In the middle of a pandemic, launching a new business can be a challenging feat. When looking for styles, the virus has changed the way many fashion businesses operate. Black women-owned businesses in particular are being affected by these changes — but the shopping must go on. Here's how three Black women-owned businesses bonded together to help further their success and launch during a pandemic.
Stylez By S.H.E.
Brittany Gross started her business Stylez by S.H.E. two years ago with her best friend Victoria McDonald. The duo met through a drill team called the Mid Missouri High Steppers in junior high. Now, they both share a love for selling sunglasses on their website stylezbyshe.com.
“I wanted someone who I was still very close with but can also branch our business just out of Columbia which is why I chose to bring her on and make her my business sister,” Gross says.
Stylez by S.H.E. sells unisex sunglasses and frames for all ages. The name S.H.E., formed after Gross’ daughter was being bullied in middle school, stands for strengthened, heroic and empowered.
“We originally thought to uplift other Black women,” McDonald said, “Especially because usually the Black woman sets the foundation of things.”
Gross and McDonald just relaunched their website in conjunction with an event they hosted called “Black Women Work.” The event had Black women-owned businesses on display with a market of about 13 Black female vendors.
Because of the COVID-19 pandemic, the event had socially distant booths with hand sanitizer at each station. Gross and McDonald weren’t able to let customers try on the glasses and had to limit their in-person deliveries.
“You got to look and imagine,” McDonald says. “We are trying to practice social distance as much as possible. The pandemic hasn’t affected us too much, which is a blessing. It just made us want to grind harder.”
The pandemic has affected Alexis Qualls' business as well. Qualls owns a boutique, Trés Chic, that launched in the MU Student Center on Sept. 11. Due to the pandemic, customers will not be allowed to try on the clothes before they buy them.

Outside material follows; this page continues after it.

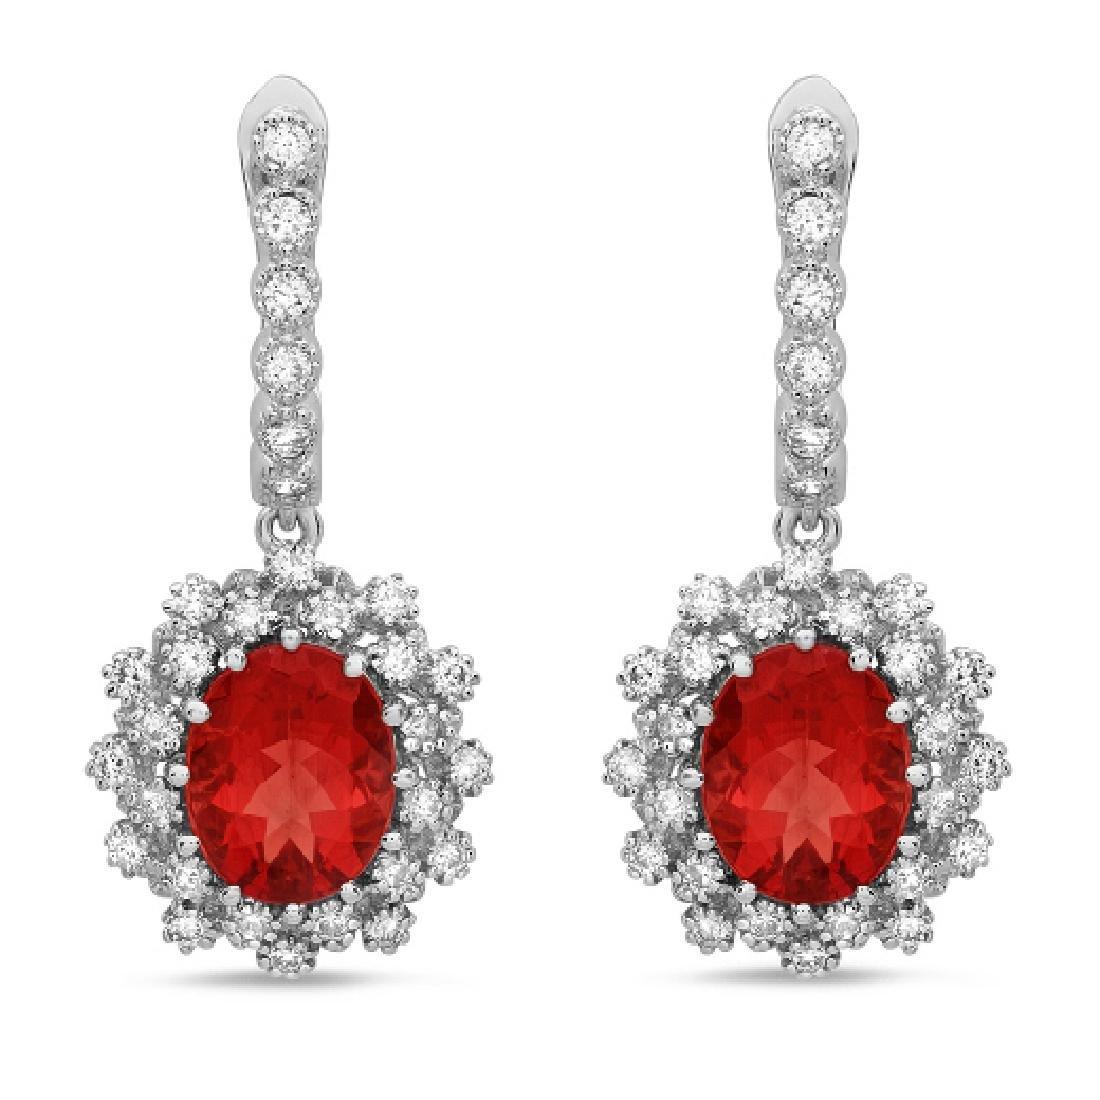 14K Gold 5.00ct Ruby & 1.30ct Diamond Earrings

“Masks are required and I also have a limited amount of people that are able to come into the store at one time,” Qualls says. “The max is 10 including myself.”
One of the benefits that Qualls gives to customers is one-on-one styling sessions. She is also working on getting more sizes for an inclusive clothing line.
Trés Chic means very fabulous in french. The store's name originates from the experience that Qualls wants her customers to have while shopping in her store.
“I want people to really feel like they’re inside of their closet,” Qualls says. “This is a safe space. I want people to come in and walk out just feeling fabulous because that’s what my company stands for.”
Qualls is sharing her space in the student center with another Black women-owned business called The Repertoire. Ine’a Gregory is the owner of The Repertoire which sells clothing, duffel bags, scarfs, beanies and essential oils.
“One of the big things that I really love about her products and her company as a whole is the meaning behind it, and the influence that she's trying to put through her clothing,” Qualls says about Gregory. “I think that is very important.”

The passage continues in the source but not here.